Table of Contents
- Arsenal: Transfer Budget £39.4m – Wage Budget £3m (£2.4m Current Wage Spend)
- Bournemouth: Transfer Budget £3.6m – Wage Budget £885k (£880k Current Wage Spend)
- Burnley: Transfer Budget £10m - Wage Budget £582k (£525k Current Wage Spend)
- Chelsea: Transfer Budget £40m – Wage Budget £2.98m (£2.7m Current Wage Spend)
- Crystal Palace: Transfer Budget £10.6m – Wage Budget £1.4m (£1.3m Current Wage Spend)
- Everton: Transfer Budget £45m – Wage Budget £1.56m (£1.4m Current Wage Spend)

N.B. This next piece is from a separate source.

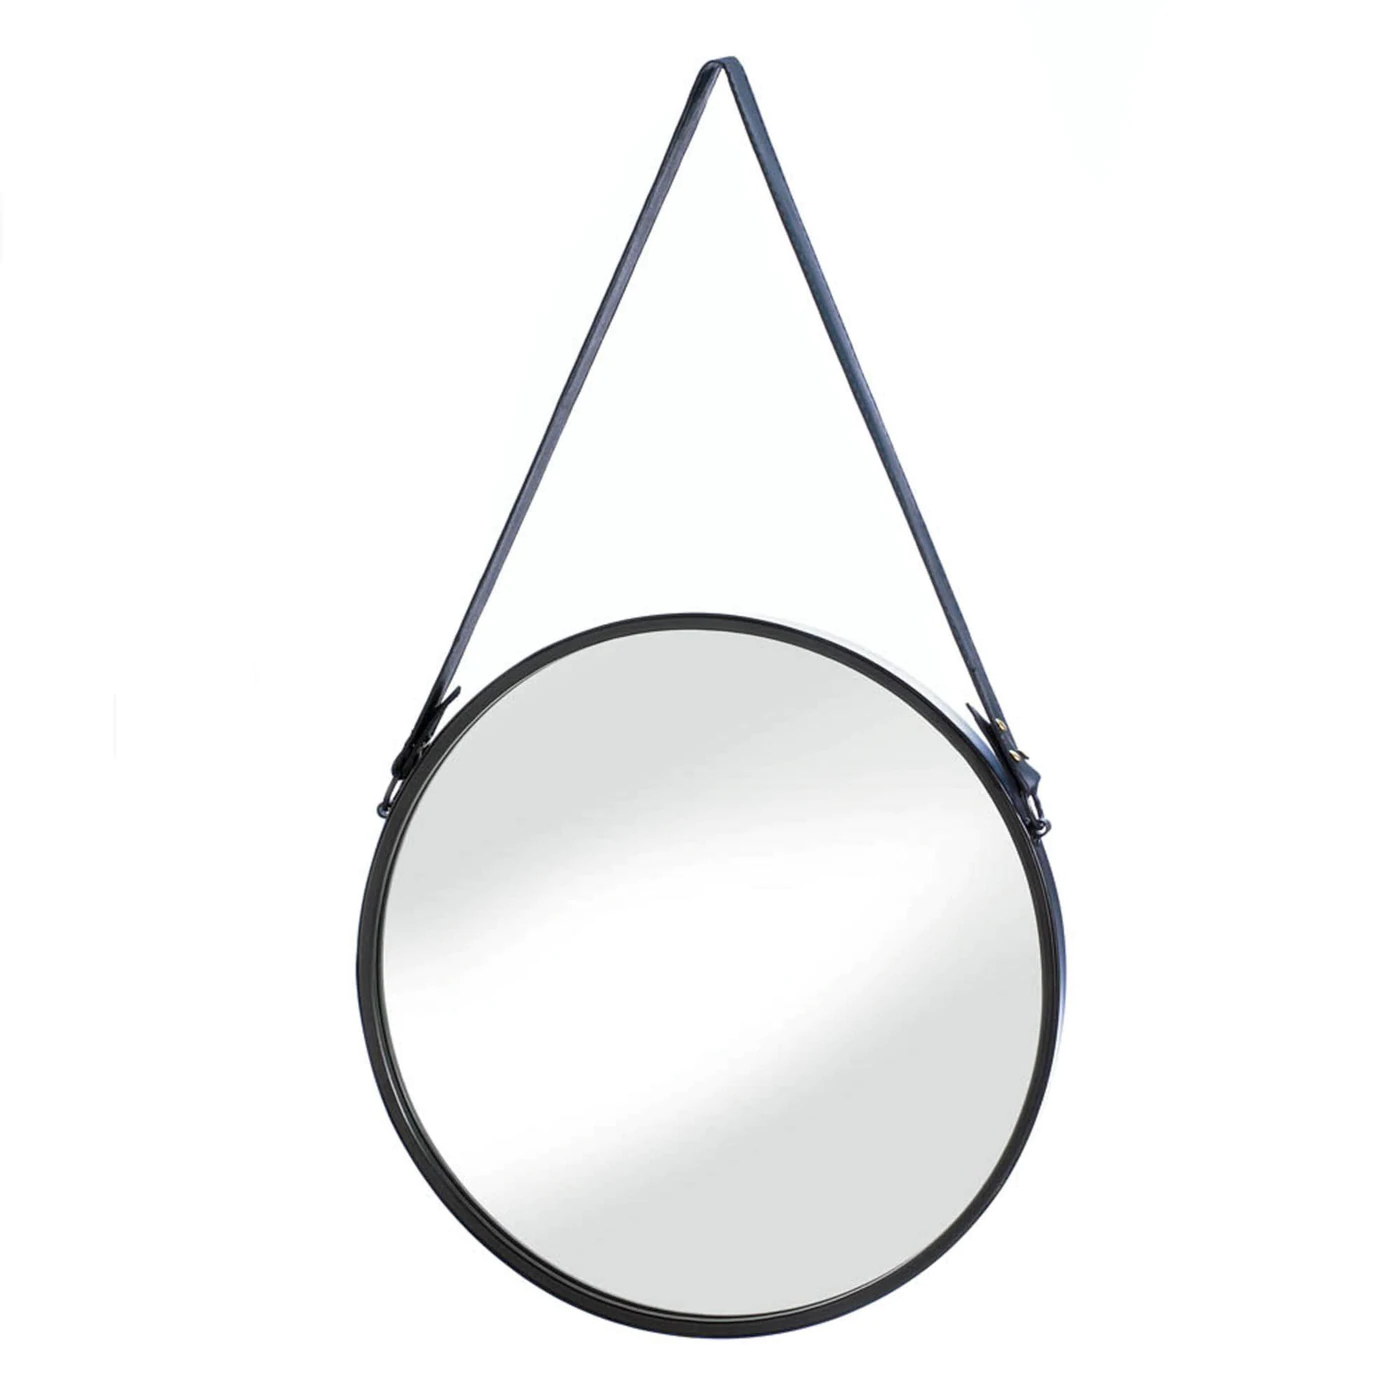 Hanging Mirror With Faux Leather Strap - $46.80

- Hull: Transfer Budget £6m – Wage Budget £699k (£675k Current Wage Spend)
- Leicester: Transfer Budget £9.5m – Wage Budget £1.59m (£1.4m Current Wage Spend)
- Liverpool: Transfer Budget £40m – Wage Budget £2.78m (£2.3m Current Wage Spend)
- Manchester City: Transfer Budget £28.9m – Wage Budget £3.65m (£3.4m Current Wage Spend)
- Manchester United: Transfer Budget £31.3m – Wage Budget £4m (£3.7m Current Wage Spend)
- Middlesbrough: Transfer Budget £3m – Wage Budget £1m (£1m Current Wage Spend)
- Southampton: Transfer Budget £31m – Wage Budget £1.49m (£1.2m Current Wage Spend)
- Stoke: Transfer Budget £9.5m – Wage Budget £1.29m (£1.1m Current Wage Spend)
- Sunderland: Transfer Budget £12m – Wage Budget £1.04m (£1m Current Wage Spend)
- Swansea: Transfer Budget £23.6m – Wage Budget £1.2m (£1.1m Current Wage Spend)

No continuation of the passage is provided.